16
votes

If one wants to fill in missing values of a variable based on previous/posterior non NA observation within a group, the data.table command is

setkey(DT,id,date)
DT[, value_filled_in := DT[!is.na(value), list(id, date, value)][DT[, list(id, date)], value, roll = TRUE]]

which is quite complex. It's a shame since roll is a very fast and powerful option (esp compared with applying a function such as zoo::na.locf within each group)

I can write a convenience function to fill in missing values

   fill_na <-  function(x , by = NULL, roll =TRUE , rollends= if (roll=="nearest") c(TRUE,TRUE)
             else if (roll>=0) c(FALSE,TRUE)
             else c(TRUE,FALSE)){
    id <- seq_along(x)
    if (is.null(by)){
      DT <- data.table("x" = x, "id" = id, key = "id") 
      return(DT[!is.na(x)][DT[, list(id)], x, roll = roll, rollends = rollends, allow.cartesian = TRUE])

    } else{
      DT <- data.table("x" = x, "by" = by, "id" = id, key = c("by", "id")) 
      return(DT[!is.na(x)][DT[, list(by, id)], x, roll = roll, rollends = rollends, allow.cartesian = TRUE])
    }
  }

And then write

setkey(DT,id, date)
DT[, value_filled_in := fill_na(value, by = id)]

This is not really satisfying since one would like to write

setkey(DT,id, date)
DT[, value_filled_in := fill_na(value), by = id]

However, this takes a huge amount of time to run. And, for the end-user, it is cumbersome to learn that fill_na should be called with the by option, and should not be used with data.table by.
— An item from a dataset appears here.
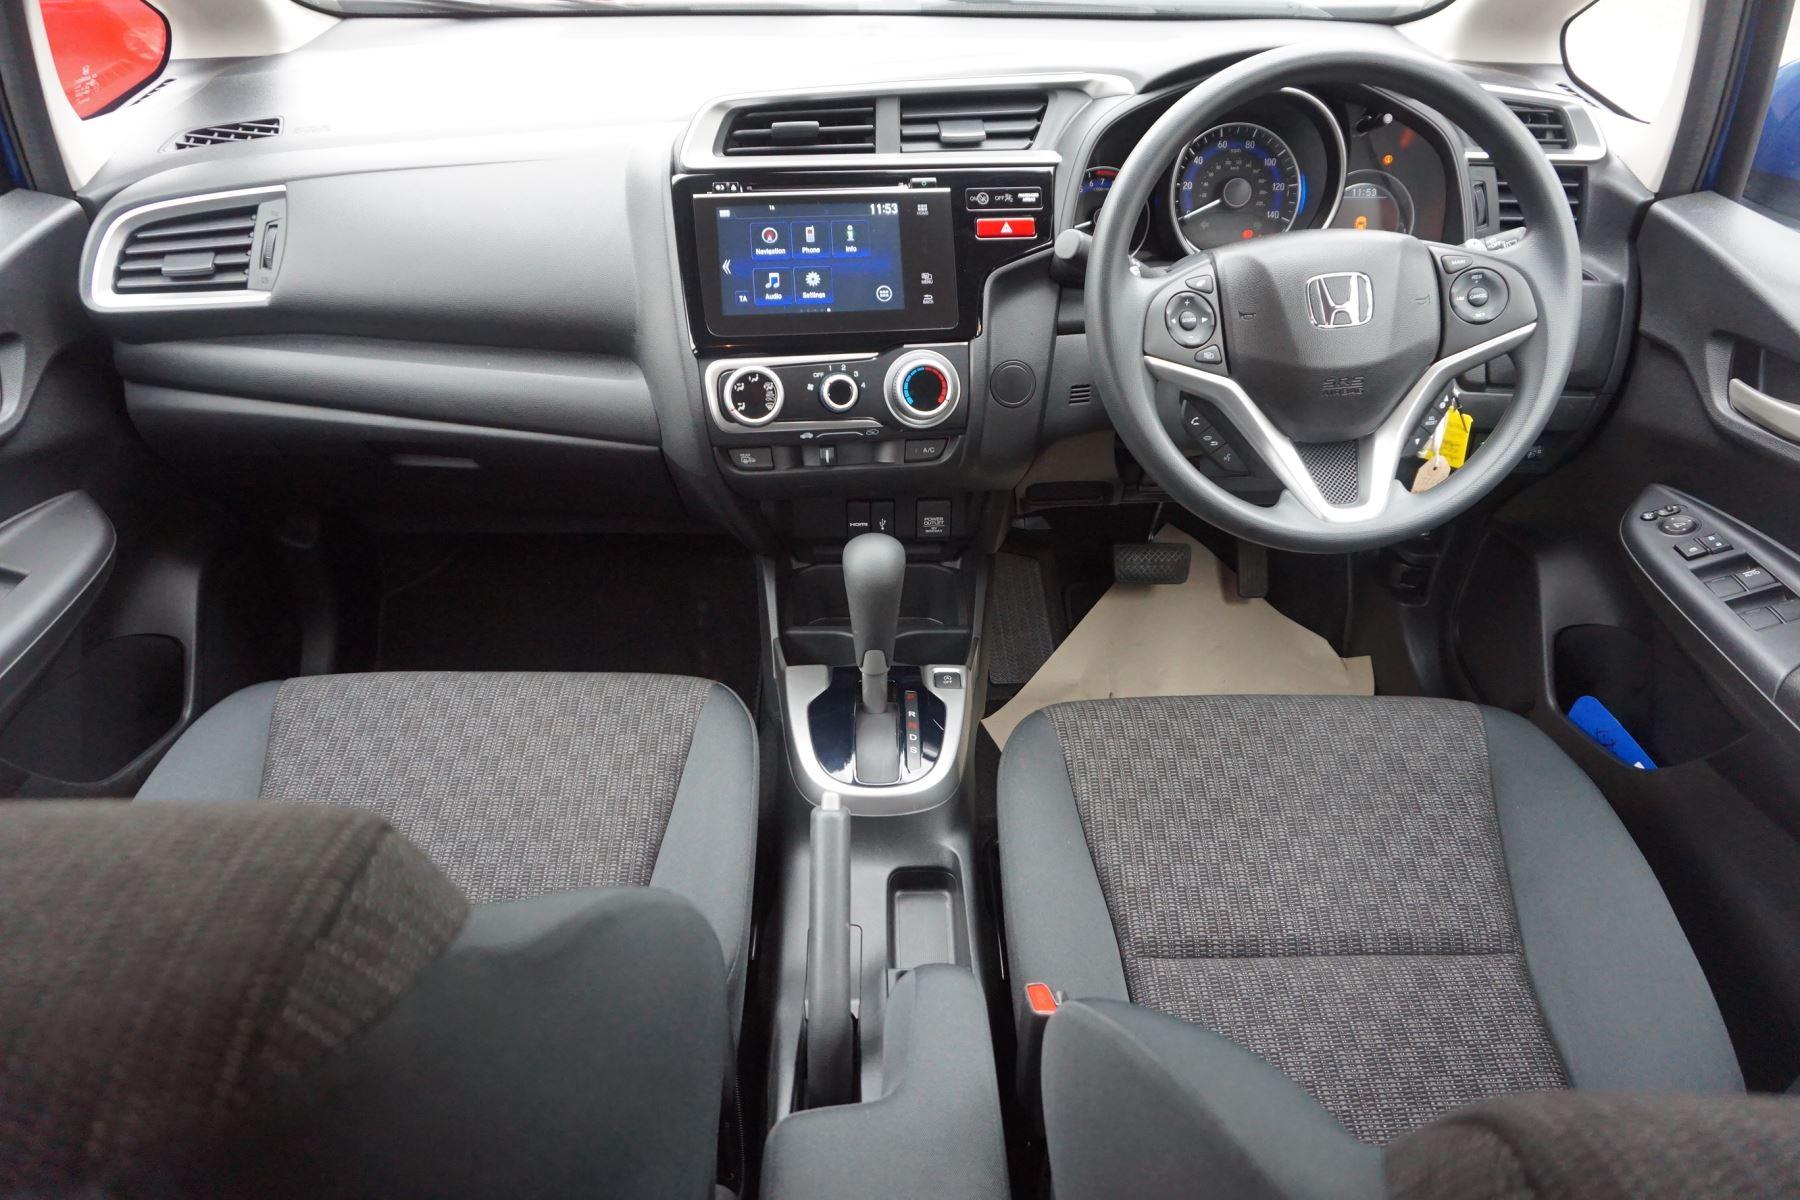 Honda Jazz 1.3 SE Navi CVT image 12

Is there an elegant solution around this?

Some speed test

N <- 2e6
set.seed(1)
DT <- data.table(
         date = sample(10, N, TRUE),
           id = sample(1e5, N, TRUE),   
        value = sample(c(NA,1:5), N, TRUE),
       value2 = sample(c(NA,1:5), N, TRUE)                   
      )
setkey(DT,id,date)
DT<- unique(DT)

system.time(DT[, filled0 := DT[!is.na(value), list(id, date, value)][DT[, list(id, date)], value, roll = TRUE]])
#> user  system elapsed 
#>  0.086   0.006   0.105 
system.time(DT[, filled1 := zoo::na.locf.default(value, na.rm = FALSE), by = id])
#> user  system elapsed 
#> 5.235   0.016   5.274 
# (lower speed and no built in option like roll=integer or roll=nearest, rollend, etc)
system.time(DT[, filled2 := fill_na(value, by = id)])
#>   user  system elapsed 
#>  0.194   0.019   0.221 
system.time(DT[, filled3 := fill_na(value), by = id])
#>    user  system elapsed 
#> 237.256   0.913 238.405 

Why don't I just use na.locf.default ? Even though the speed difference is not really important, the same issue arises for other kinds of data.table commands (those that rely on a merge by the variable in "by") - it's a shame to systematically ignore them in order to get an easier syntax. I also really like all the roll options.

2
How does the na.locf solution compare to this solution in terms of speed?GSee
Is wrapping the entire thing (a la dplyr::mutate) not an option?shadowtalker
It would be helpful if you provided code to create a sample data.table that we could use to check our results and to help with benchmarking.GSee
If you get rid of the :: call in the zoo one, it's about 30% faster for me. i.e. call na.locf.default instead of zoo::na.locf.defaultGSee
@ssdecontrol Because :: is a function and there is overhead associated with that extra function call.GSee

2 Answers

14
votes

Here's a slightly faster and more compact way of doing it (version 1.9.3+):

DT[, filled4 := DT[!is.na(value)][DT, value, roll = T]]
7
votes

There is now a native data.table way of filling missing values (as of 1.12.4).

This question spawned a github issue which was recently closed with the creation of functions nafill and setnafill. You can now use

DT[, value_filled_in := nafill(value, type = "locf")]

It is also possible to fill NA with a constant value or next observation carried back.

One difference to the approach in the question is that these functions currently only work on NA not NaN whereas is.na is TRUE for NaN - this is planned to be fixed in the next release through an extra argument.

I have no involvement with the project but I saw that although the github issue links here, there was no link the other way so I'm answering on behalf of future visitors.

Update: By default NaN is now treated same as NA.